# Supplied information
+===+
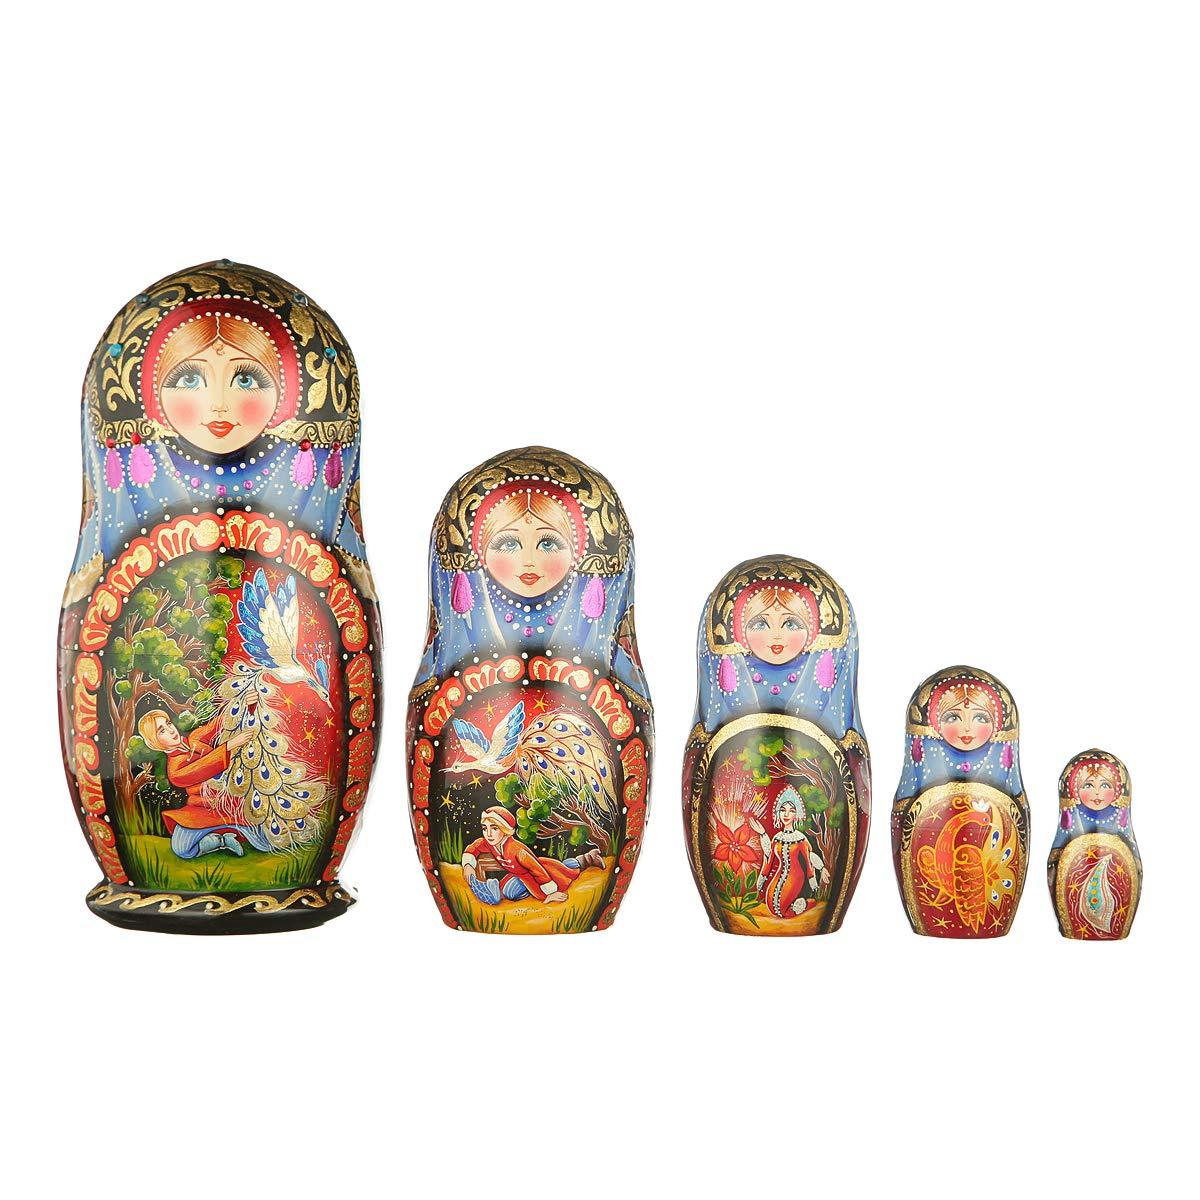 danila-souvenirs Russian Wooden Nesting Dolls Hand Painted Matryoshka 5 pcs Set Fairy Tale 7.5''
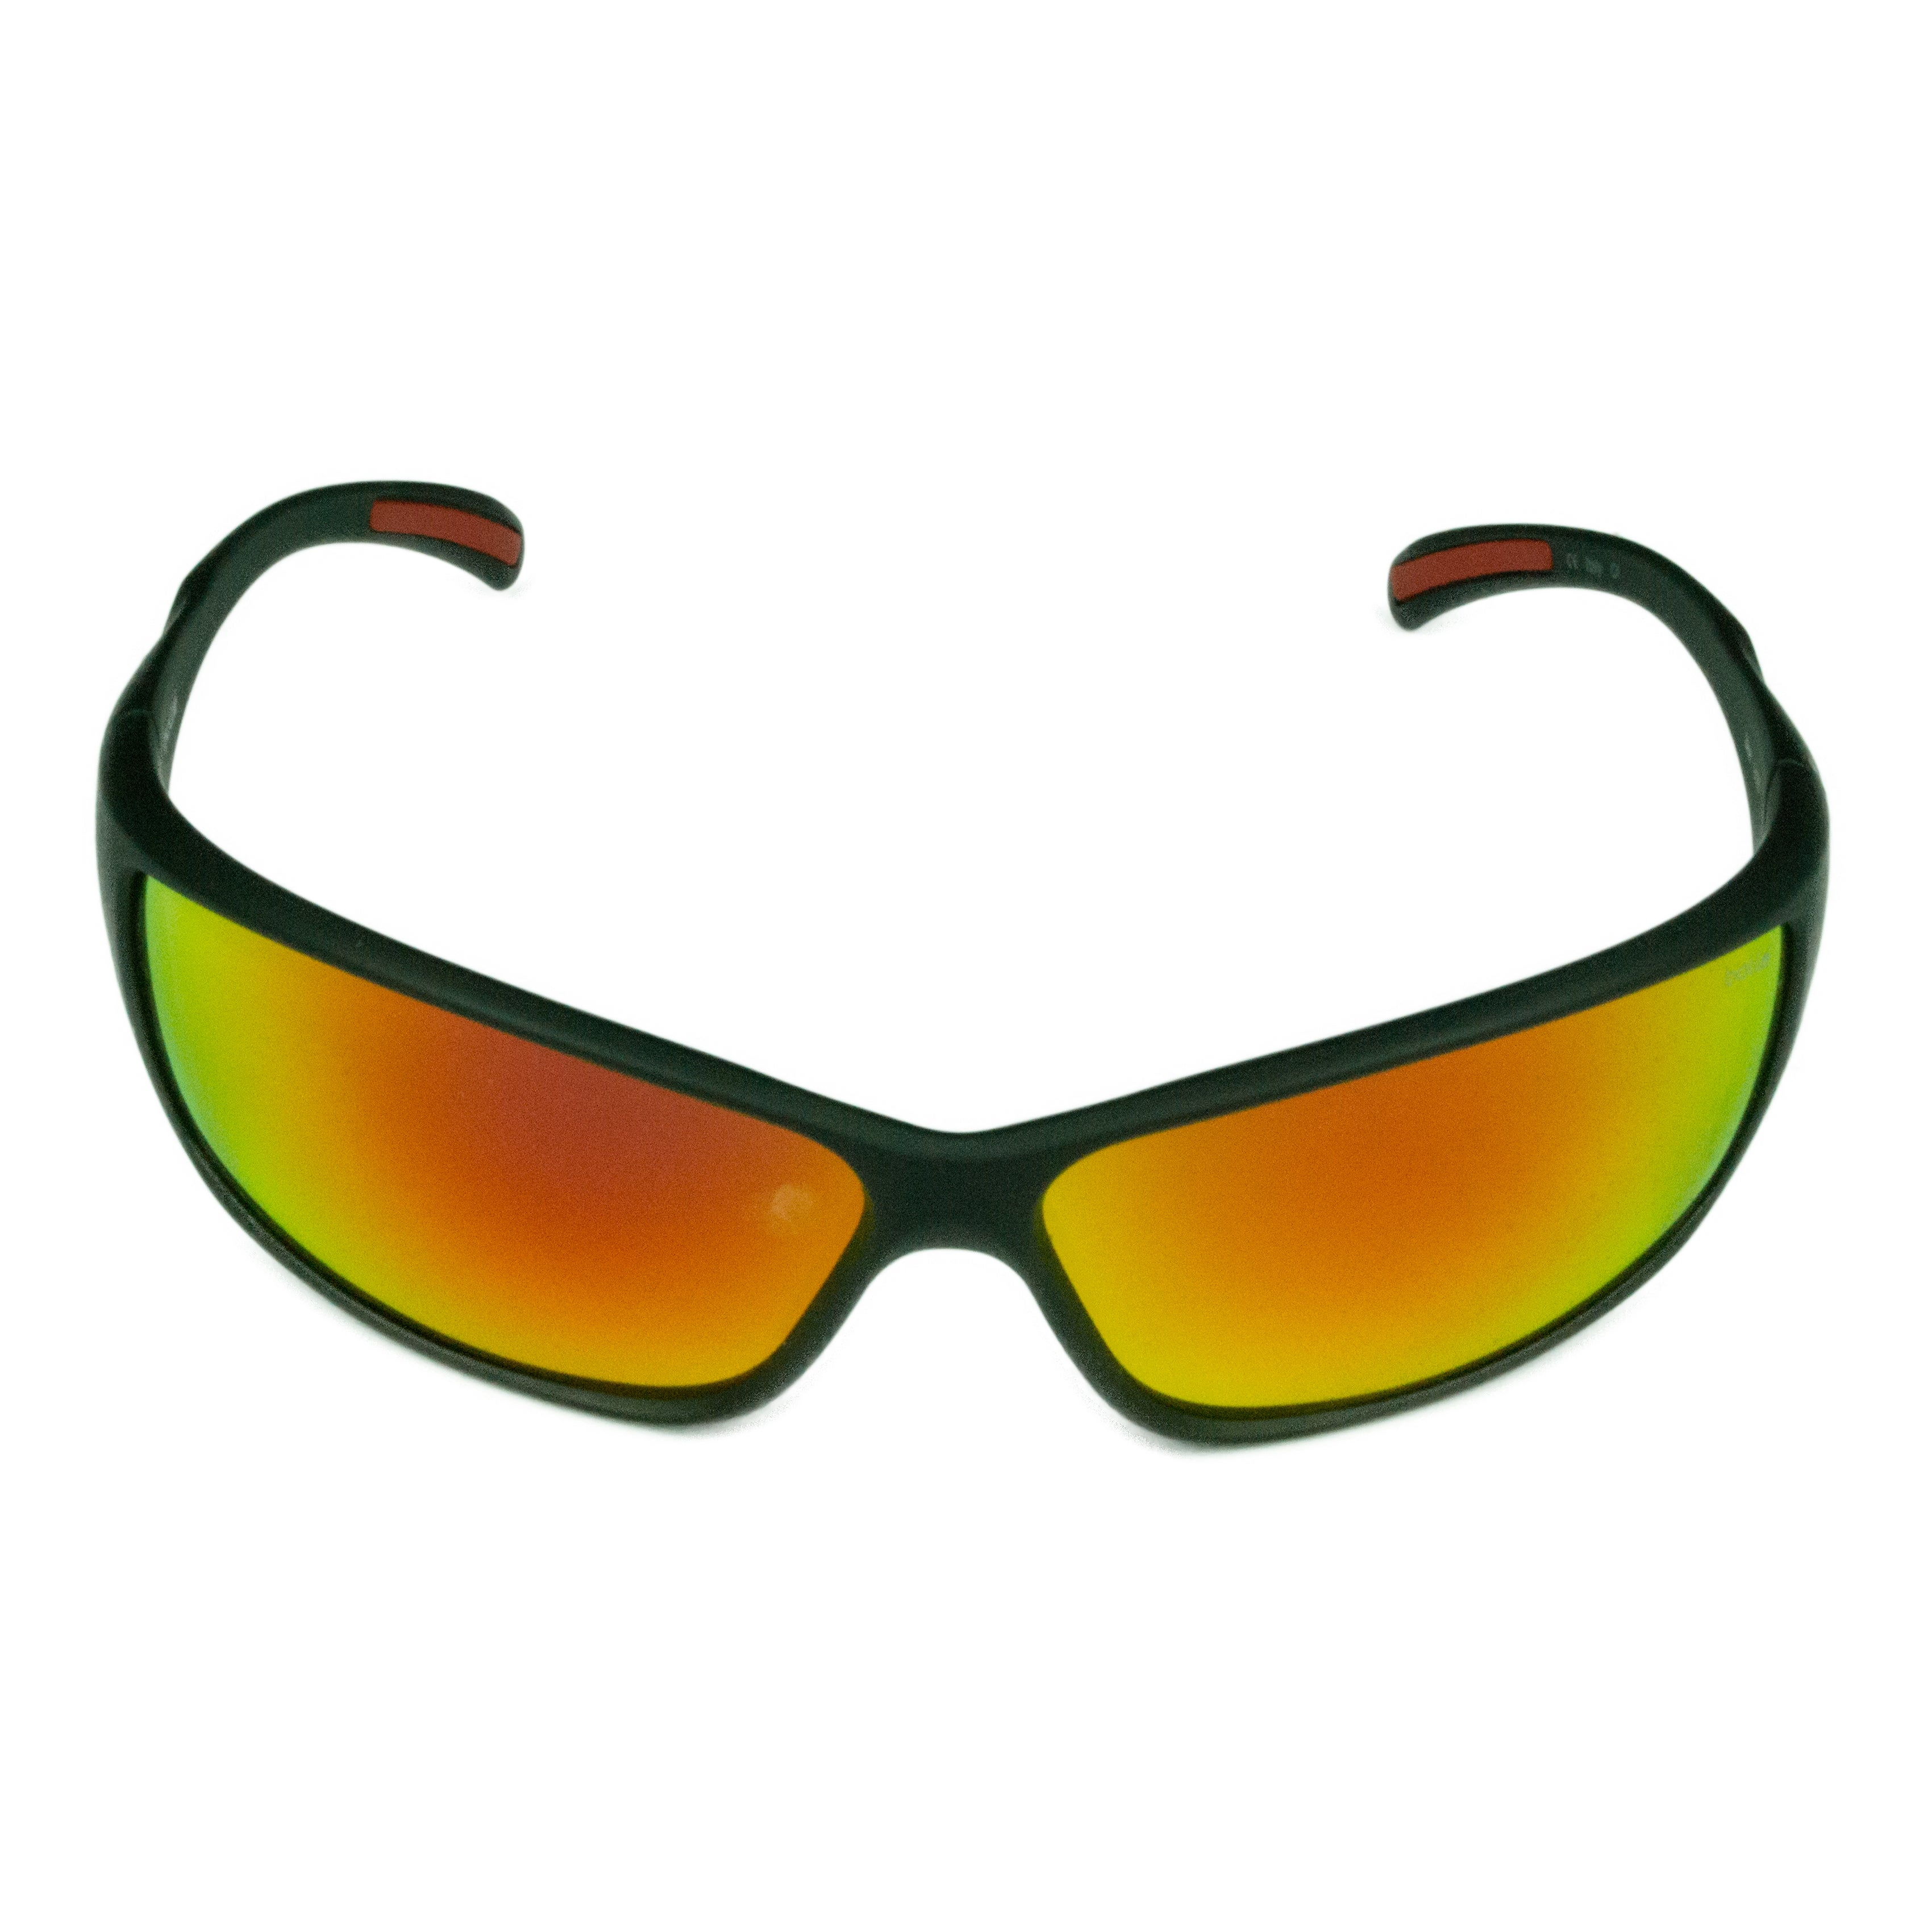 c1896ec223 Shop Bolle Sport Mens Slice 12129 Matte Black w  TNS Fire Lens Sunglasses - Free  Shipping Today - Overstock - 18228909
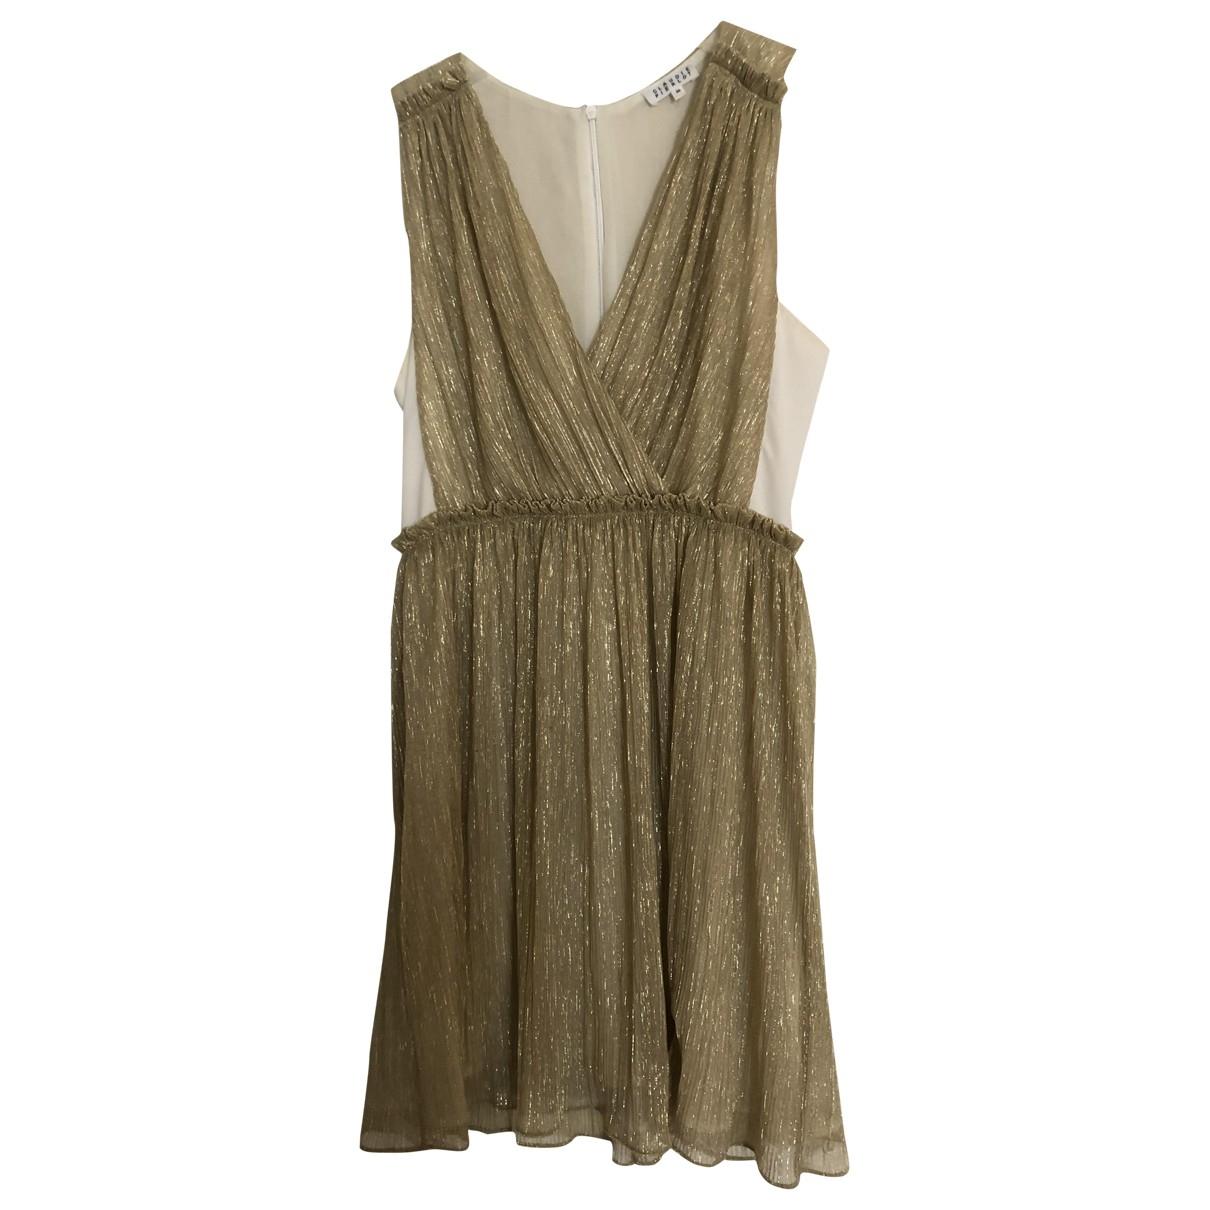 Claudie Pierlot \N Gold dress for Women 36 FR
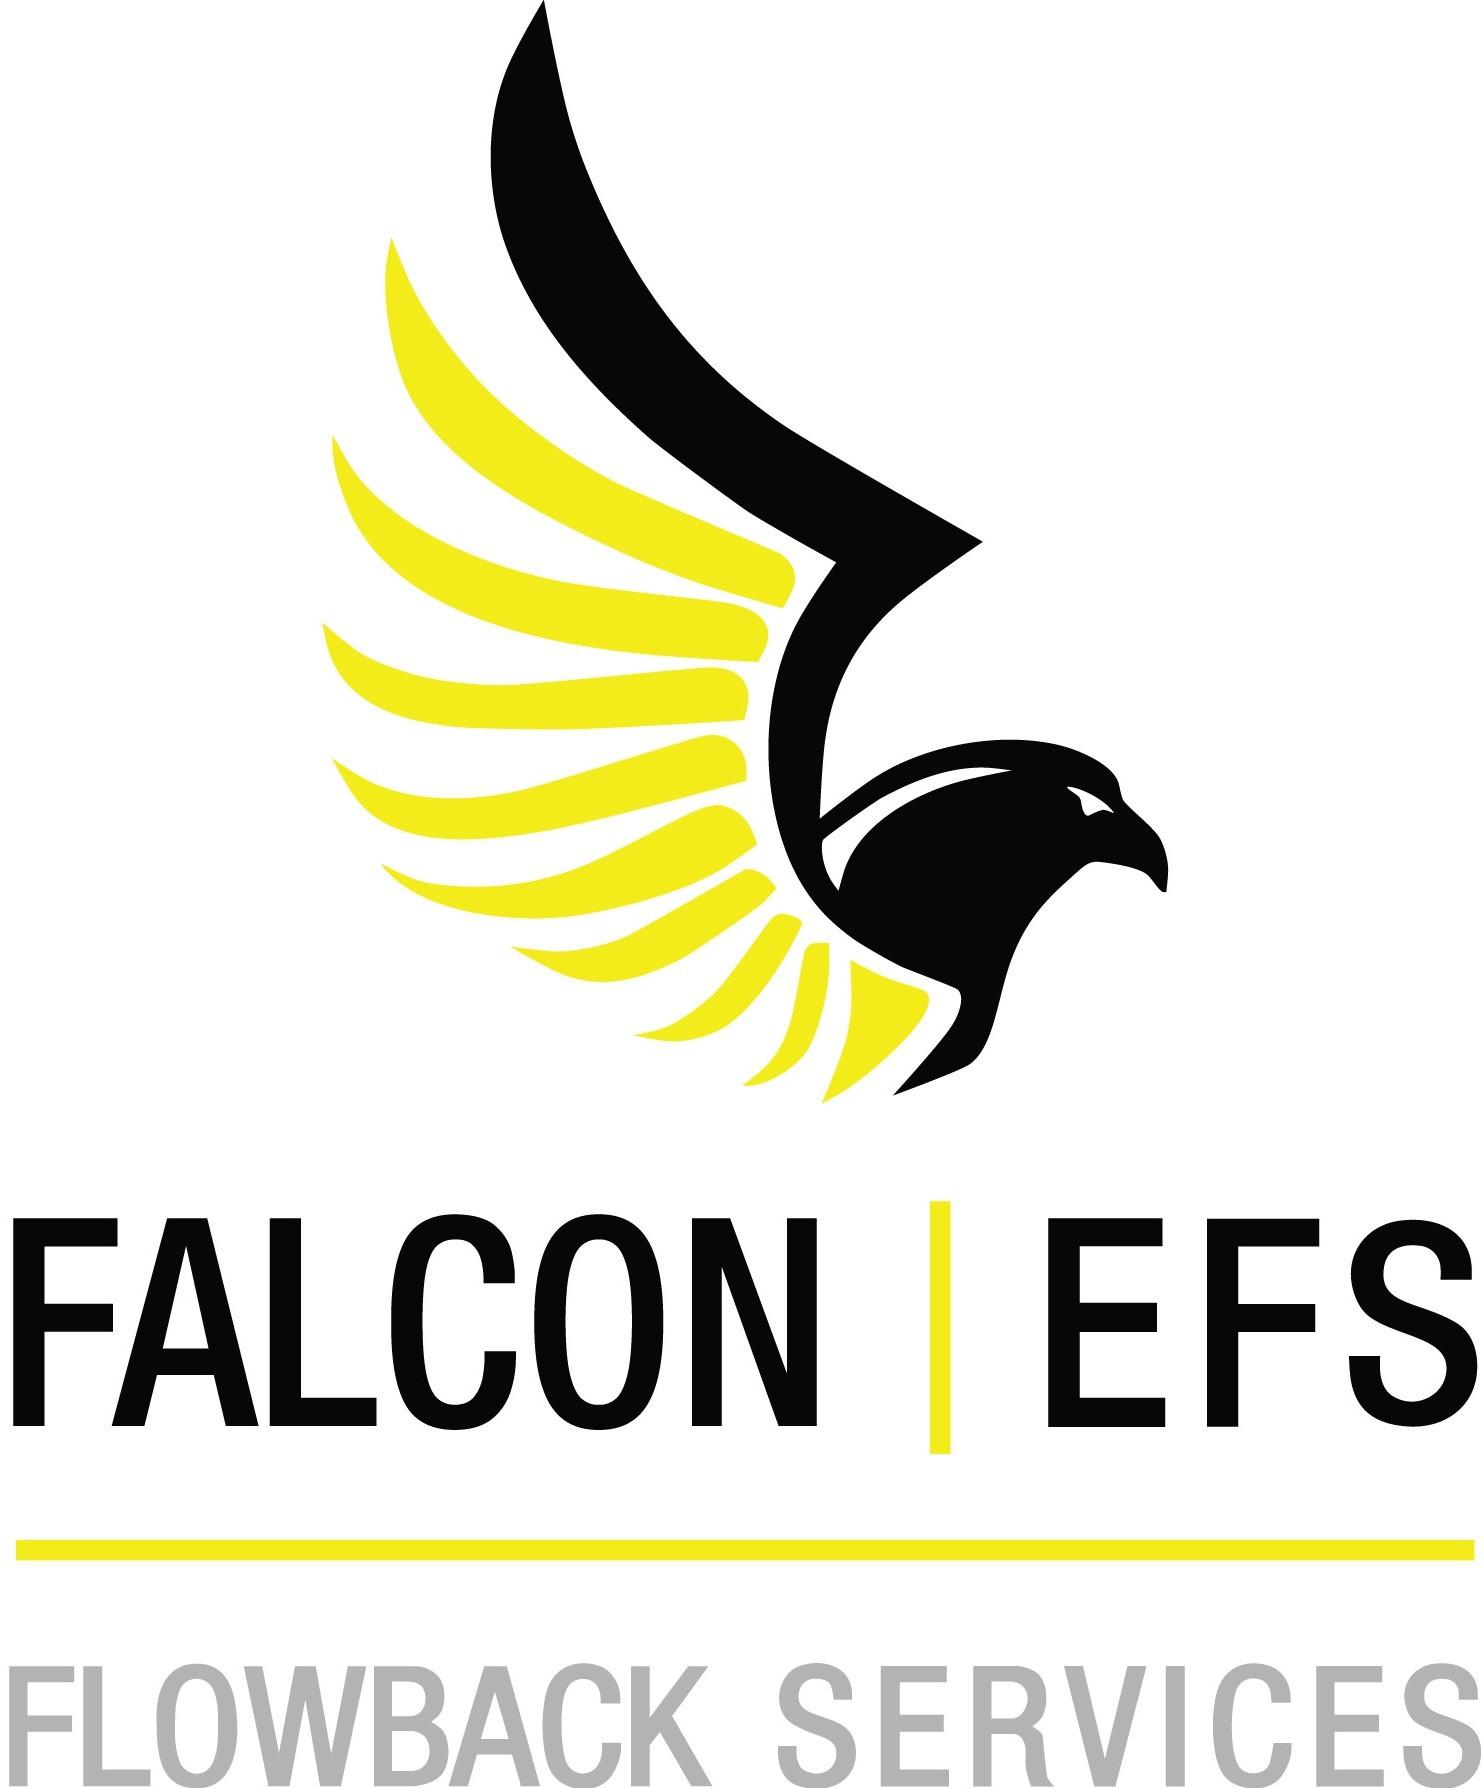 Falcon   EFS Flowback Services   LinkedIn
+===+
# Exercise goal
Set down the material word for word, and drop every picture from it.

# Answer for this exercise
 danila-souvenirs Russian Wooden Nesting Dolls Hand Painted Matryoshka 5 pcs Set Fairy Tale 7.5''
 c1896ec223 Shop Bolle Sport Mens Slice 12129 Matte Black w  TNS Fire Lens Sunglasses - Free  Shipping Today - Overstock - 18228909
 Claudie Pierlot \N Gold dress for Women 36 FR
 Falcon   EFS Flowback Services   LinkedIn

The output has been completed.